Örneğin 2011’de Yağan’ın da aralarında bulunduğu bir grup şairin şiir etkinliği yaptığı yer, izleri çoktan kaybolmuş Dersimlilerin toplu mezarlarının bulunduğu bir alandır. Bundan ancak rastlantı sonucu orda olan bir tanık sayesinde haberdar olurlar. Bunun gibi gündelik yaşam, mekân ilişkileri bağlamında zengin anektodlarla dolu kitap.

Yazarın gölgesi okurun üzerinde
Kronolojik bir sıra takip edip yalnızca Dersim 38 ile de sınırlı kalmaz anlatılar. Böyle bir travmayı yaşamış bireylerin şimdiki zamanları, gündelik yaşam algılarının nasıl yeniden inşa edildiği gibi şimdiki zamanı daha fazla ilgilendiren sorulara kaynaklık eder. Böylece kendiliğinde bir etnolojik ve folklorik kaynak özelliğini de edinmiş olur. Deyişler, ağıtlar, atasözleri, deyimler vb. ile sözlü kültürün geleneksel verimlerine de gider yazar. Böylelikle iletişimsel hafızanın dille iletildiğinin bilinciyle bambaşka değer yüklü birikimleri de taşımış olur.

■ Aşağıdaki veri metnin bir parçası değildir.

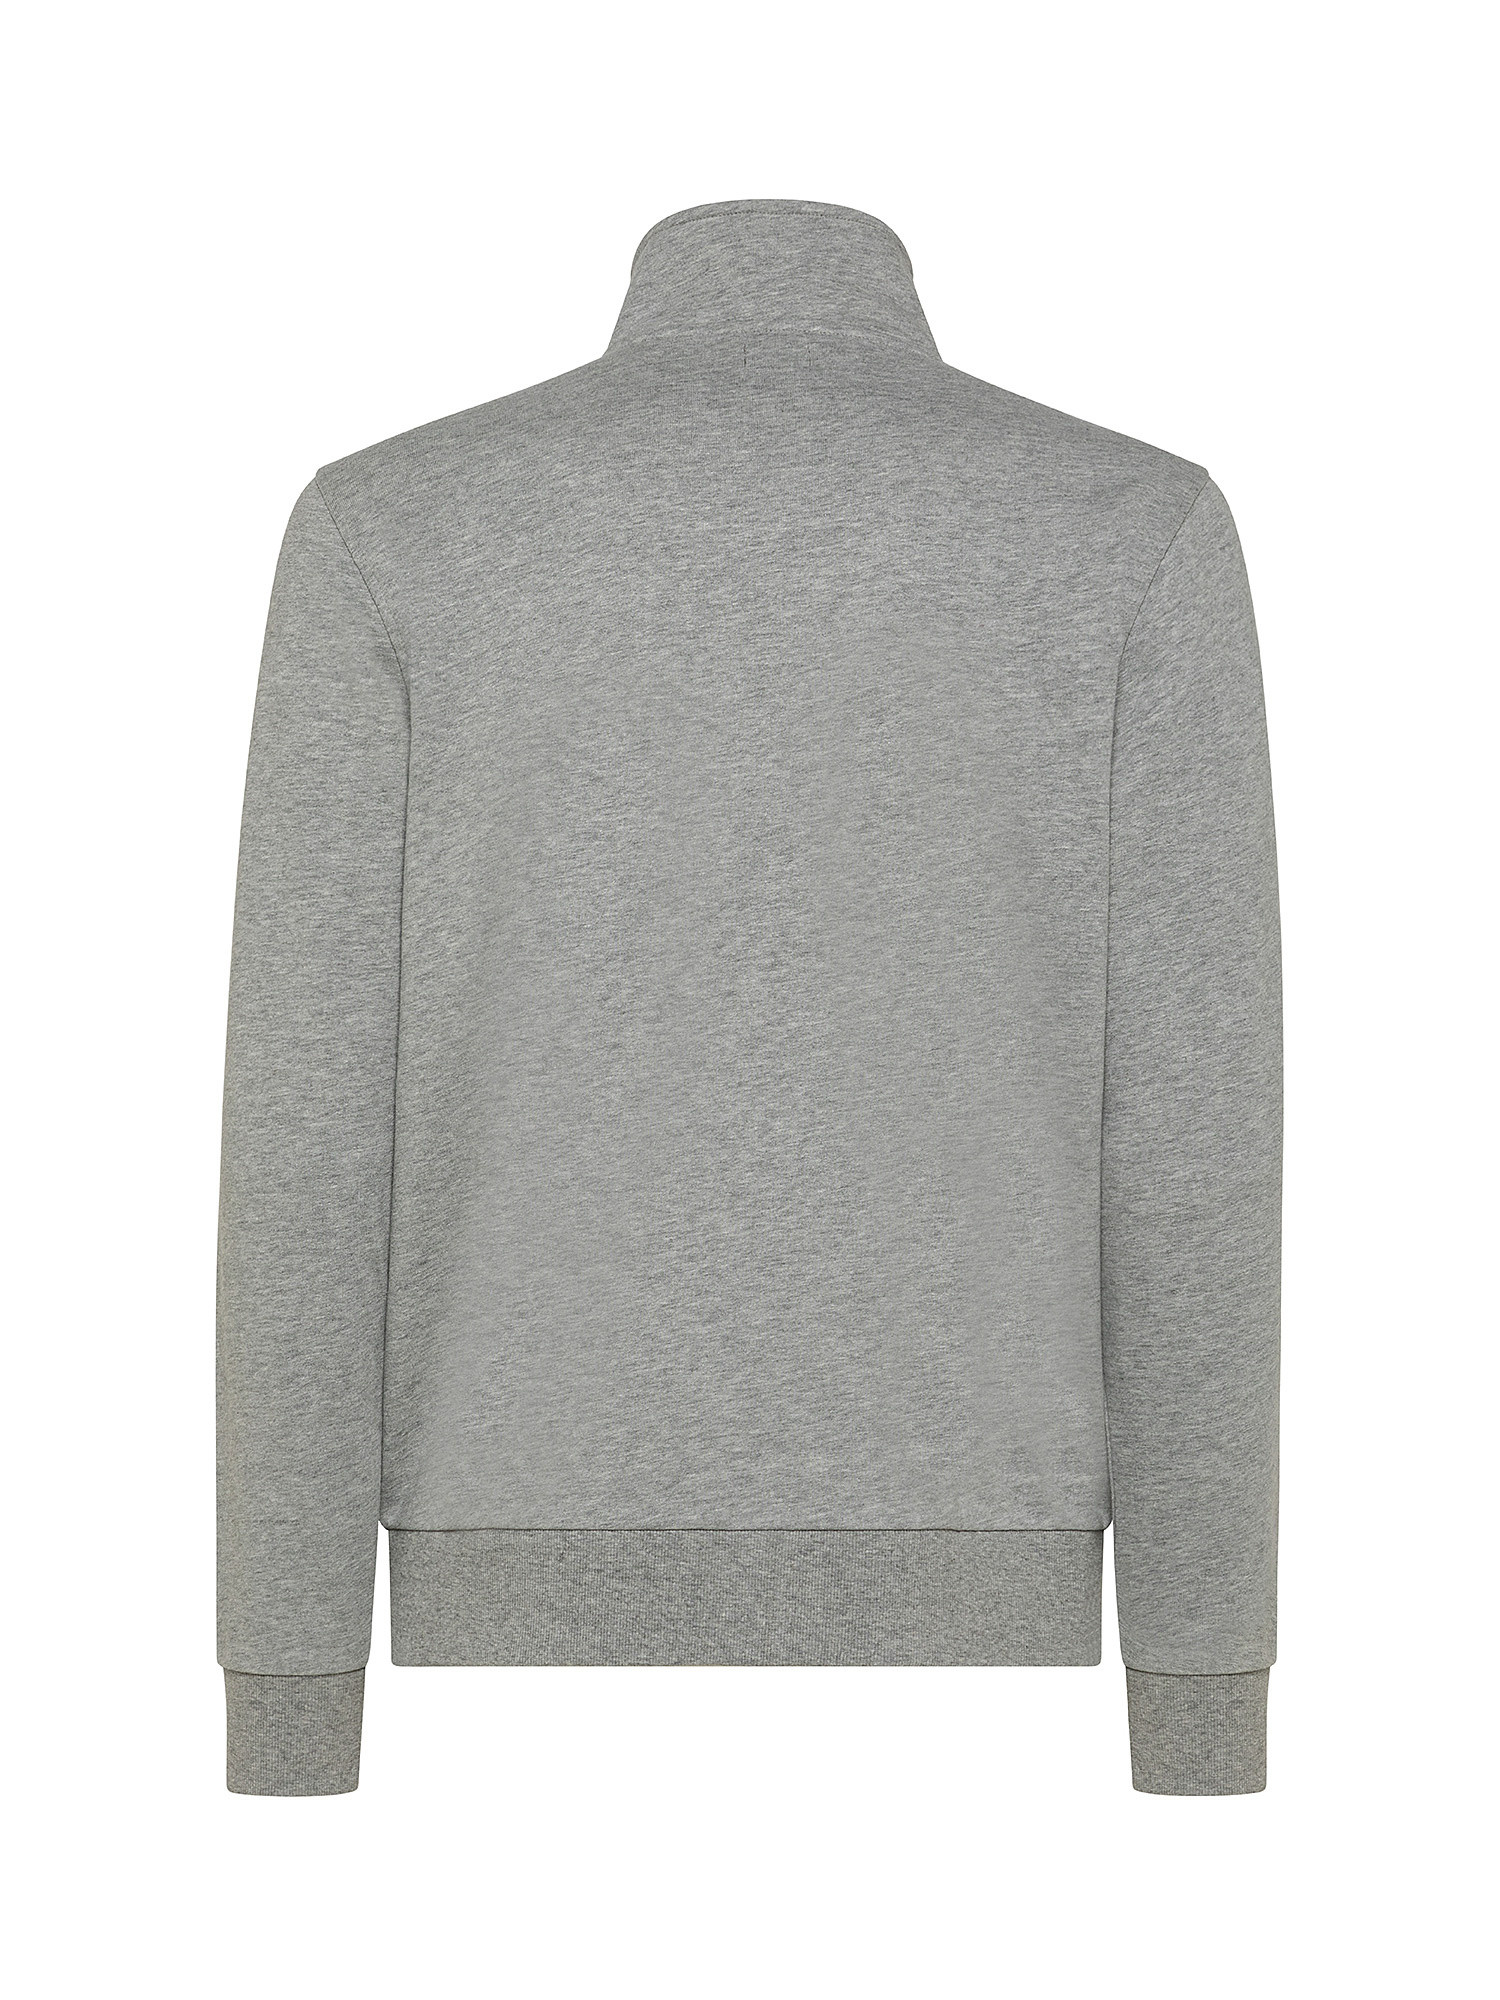 Sweatshirt with zip, Light Grey, large image number 1

Akademik çalışmaların olmazsa olmazı olan mesafeli, nesnellik gözeten anlatım bu metinlerde yoktur. Hem kuvvetini hem zayıflığını bu öznel anlatımından almaktadır kitap. Bir yazar olarak kendini ve gölgesini yok etmek yerine tam da okurların üzerine düşürmeyi amaçladığı baştan bellidir. Bir taraf onlara konuşur. Zaten katliamdan şans eseri kurtulmuş bir ailenin şans eseri doğmuş oğludur. Dolayısıyla birinci derece tanıkların travmatik anılarının doğrudan etkileneni olarak konuşur. Yer yer öfkeli, yer yer hesap soran, yer yer alaysı dil bu tanıklığın söylenerek, dile gelerek yazma süreci dahil travmanın sağıltılması için bir olanak olarak da içselleştirilmiştir yazar tarafından. Bunu neredeyse tüm metne sinmiş, bile isteye aşikâr edilmiş duygulardan kolaylıkla anlayabiliyoruz.

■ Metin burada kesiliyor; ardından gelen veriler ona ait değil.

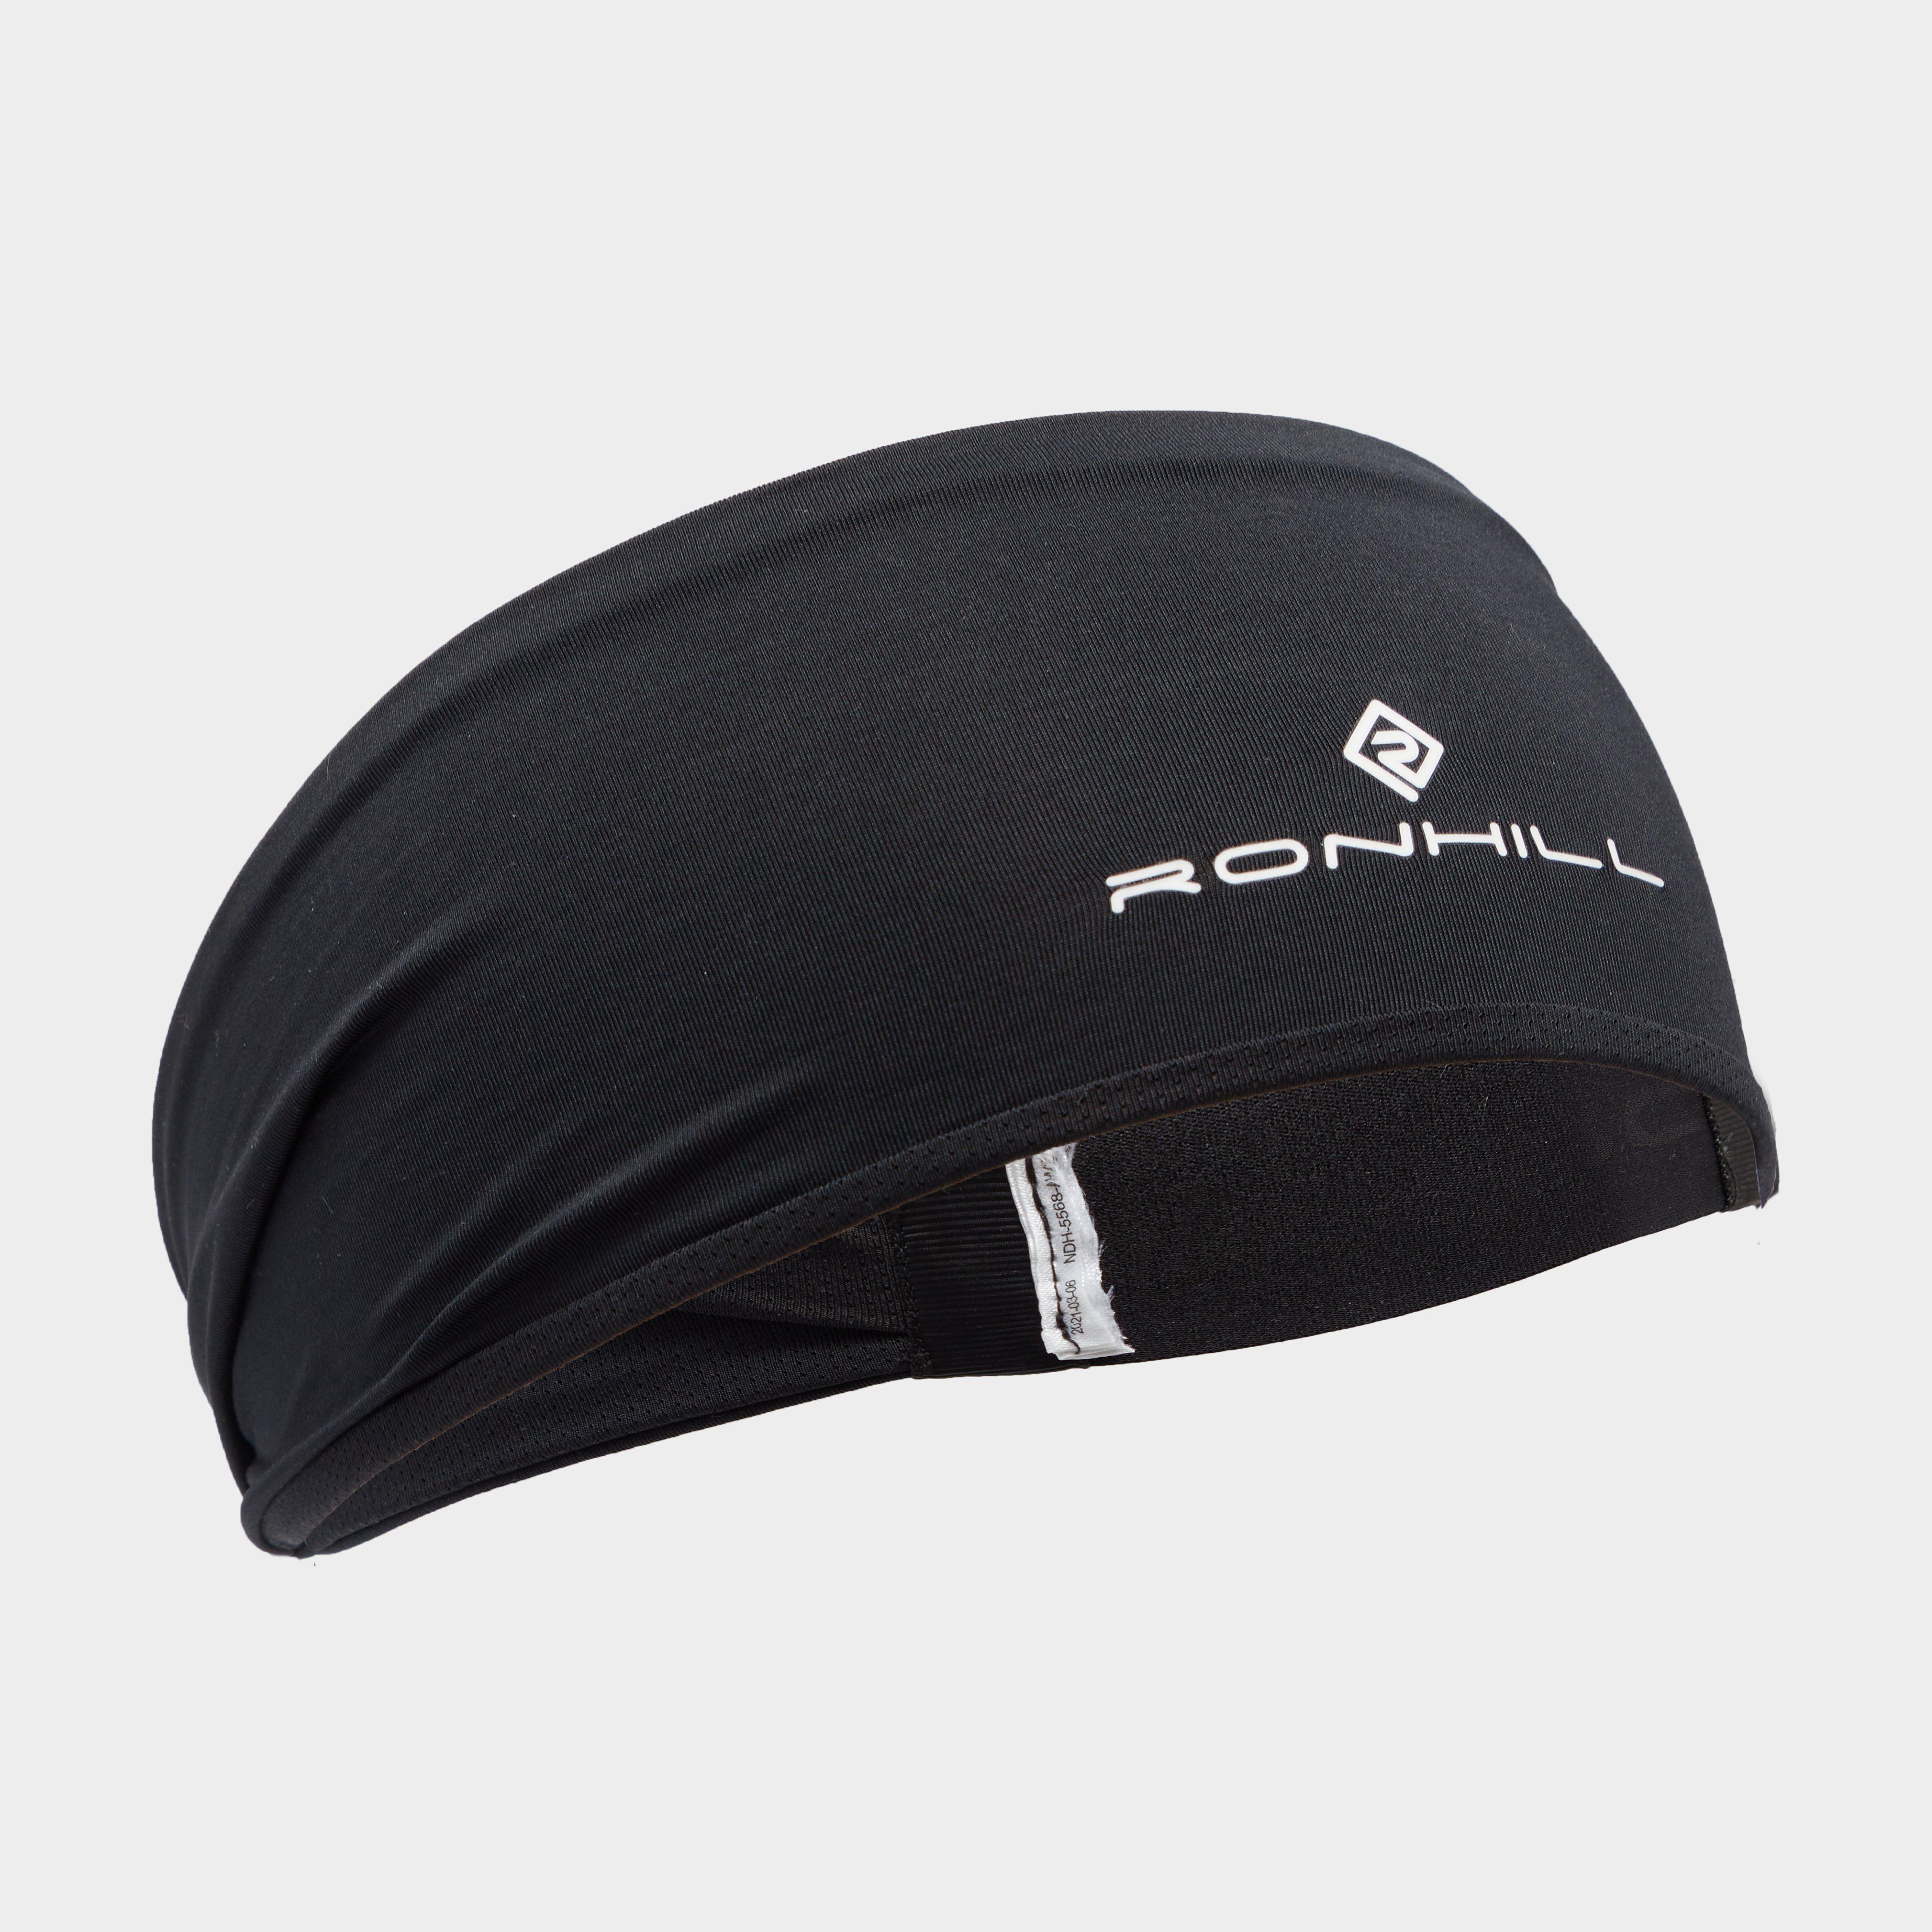 Image of Ronhill Reversible Revive Headband - Black/Black, Black/Black

Selman Amca’ya Diyemediklerim bölümüne iliştirilmiş yazarın duygu ve düşüncelerine ait küçücük tek cümle, hafıza kültürü bağlamında da birlikte düşlenilen bir gelecek inşasında da son derece önemli, olmazsa olmaz bir şeyi bize hatırlatır: İstediğimiz adalet, sadece adalet, başka bir şey değil. Geçmişin şimdinin gereksinimlerine göre inşası hafızayı hep canlı tutar. Bir zaman inkâr, baskı, engelleme ile geçmişin yüklerinden kaçılabilir. Ama hatırlama anı, uyanış anı geldiğinde telafisi mümkün olmayan geçmişin yüklerinden ancak ve ancak travmaya, haksızlığa, şiddete maruz bırakılanlara adalet duygusunu vermek zorunluluğu kalır. Bu kitap gibi hafızaya seslenen diğer çalışmalar da bir adalet çağrısı olarak, imkânsızın telafisine dair bir aşkınlık gayreti olarak okunabilir.

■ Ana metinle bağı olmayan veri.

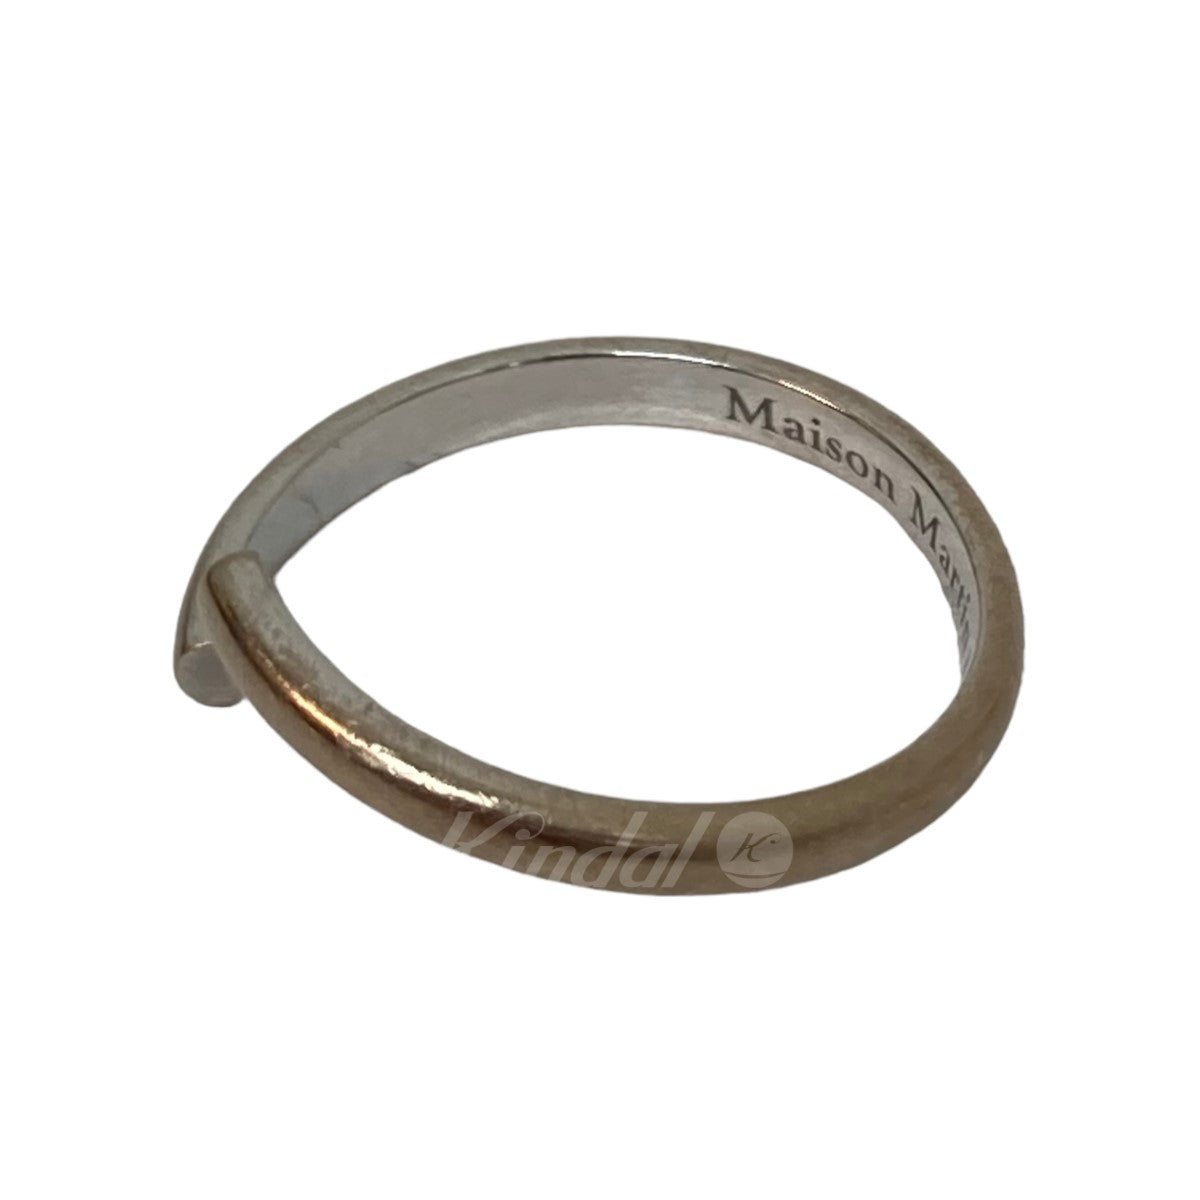 Maison Margiela(メゾン マルジェラ) Split Alliance Ring 18K White Gold

Dersim’in içindeki Dersimler
Yağan elbette hafızanın yanıltıcı labirentinden haberdar biridir. O nedenle aynı kaynak kişilerle farklı zamanlarda söyleşmiştir. Bir yerde, bir mekânda hatırlanmayanlar başka bir zaman ve mekânda dile gelebilmiştir. Bir yerde travmatik acının çağrılmasına, dip dalgalarına direnç gösterilmiş, bir başka yerde acı kalbin su basmanlarını aşıp boğaza kadar yükselmiştir.

Diğer yandan aynı olayları başka başka kaynak kişilerden dinleme yoluna da gidilmiş yöntem olarak. Bu da izlenen yol olarak oldukça dikkat çekici sonuçlara varmak açısından önemlidir. Dersim dediğimiz ve Dersimli dediğimiz yekpare bir bileşim değildir. Dersim içinde farklı Dersimler, Dersimlilikler mevcuttur. Ayrıca diasporanın sesini duymak bağlamında da belki ileriki zamanlarda yapılacak başka söylem analiz çalışmalarına da kaynaklık edecektir buradaki bilgi ve ifadeler.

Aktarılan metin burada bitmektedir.